Judge Tells Agencies to Speed Up Release of Young Immigrants

Children detained at a migrant processing center in McAllen, Texas, on July 13, 2019. Photo courtesy of the office of U.S. Rep. Doris Matsui

Move aims to protect unaccompanied youths from spreading coronavirus

Amid the coronavirus pandemic, the U.S. government has violated its legal obligation to speedily release unaccompanied immigrant children from federal custody and reunify them with relatives or other suitable guardians, a district judge in California ruled late Friday. 

Advocates hailed the ruling to free the children from the contagion hazards of group facilities, which one medical professional described as leaving them in a burning house.

U.S. District Judge Dolly Gee issued the order requiring Immigration and Customs Enforcement and the Office of Refugee Resettlement to “make every effort to promptly and safely release” immigrant minors. 

“Under the current extraordinary circumstances in the midst of a pandemic, ORR’s obligation to release minors without unnecessary delay requires moving with greater speed to remove minors from congregate environments where a suitable custodian exists,” the court ruled.

In New York, at least six youth in ORR facilities have tested positive for coronavirus, ProPublica reported earlier this month.

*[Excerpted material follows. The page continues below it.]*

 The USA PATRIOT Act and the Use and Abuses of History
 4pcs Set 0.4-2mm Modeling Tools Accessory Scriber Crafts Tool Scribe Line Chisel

But in other congregate facilities, the investigative news outlet found the number is much higher: At least 42 children in centers run by the Heartland Alliance have tested positive for COVID-19, primarily at a single facility in Chicago.

Friday’s ruling is a response to a motion to enforce the longstanding Flores Settlement Agreement, a 1997 agreement governing the circumstances under which immigrant minors can be detained. The motion was filed last month by the Oakland, Calif.-based National Center for Youth Law, the Center for Human Rights and Constitutional Law and the UC Davis Immigration Law Clinic.

In Friday’s ruling, the federal court states that the agencies must also release minors who have a pending asylum case or an order of removal. Gee noted that appeals of such orders can take months to decide and cited six children who have been detained in New York for at least 68 days while appealing an order of removal, according to the declaration of an attorney with the nonprofit legal firm, Kids in Need of Defense.

The ruling also orders the refugee resettlement agency to release minors to relatives or others whose background investigation show no red flags without waiting for fingerprinting to be complete, given that the offices where they would get their fingerprints have closed to prevent the spread of coronavirus. The federal Children’s Bureau, which oversees nonmigrant children in foster care, recently approved a similar change, allowing fingerprinting to be completed at a later date.

The court reiterated the importance of quickly releasing minors from congregate facilities by quoting the testimony of Dr. Julie DeAun Graves: “Postponing the release of children in facilities with known COVID-19 exposure is like leaving them in a burning house rather than going in to rescue them and take them to safety.”